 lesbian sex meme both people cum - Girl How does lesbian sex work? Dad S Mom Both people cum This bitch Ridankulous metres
--
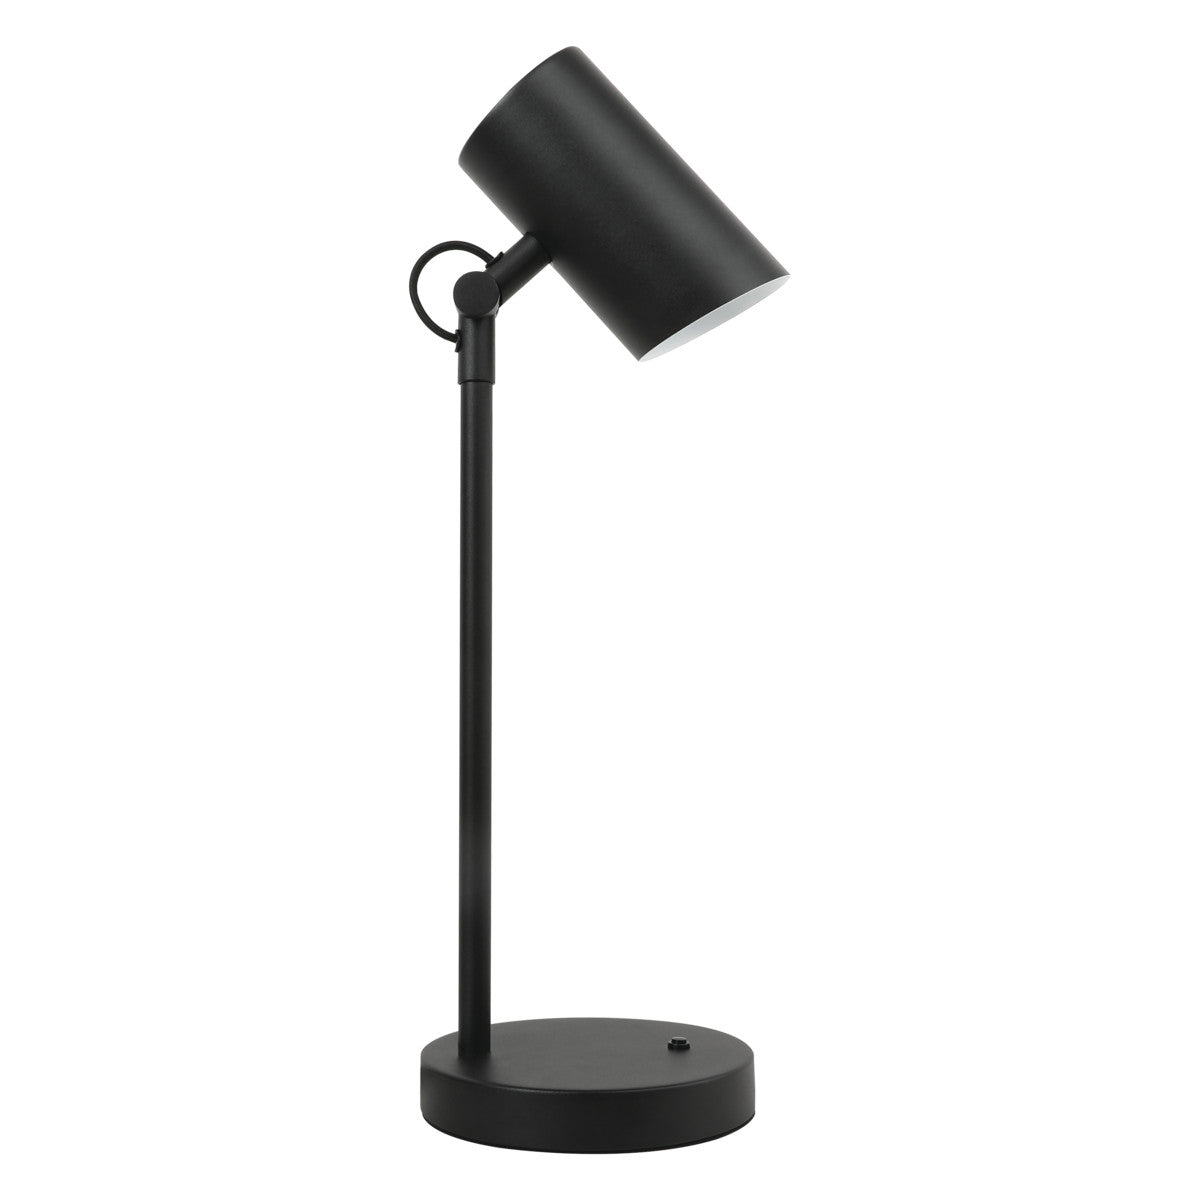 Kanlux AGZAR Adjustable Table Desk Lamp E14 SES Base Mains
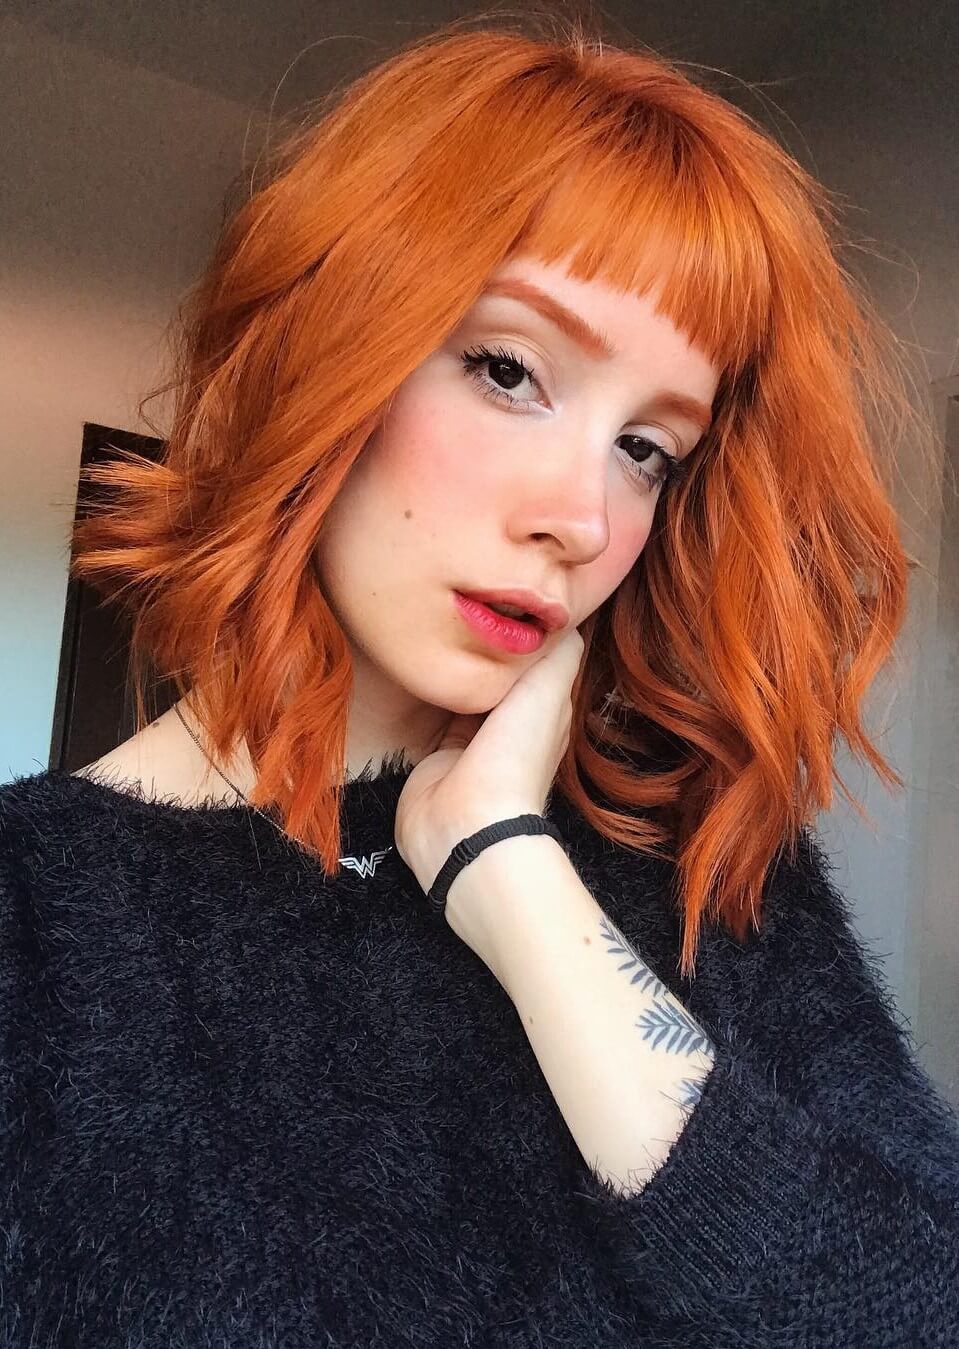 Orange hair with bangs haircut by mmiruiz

### PROBLEM TO SOLVE
A clean copy is needed of the lines above from the one with "Kanlux AGZAR Adjustable" up to and including the one with "Orange hair with bangs haircut by mmiruiz". Please set it down exactly, with no pictures.

### RESPONSE
 Kanlux AGZAR Adjustable Table Desk Lamp E14 SES Base Mains
 Orange hair with bangs haircut by mmiruiz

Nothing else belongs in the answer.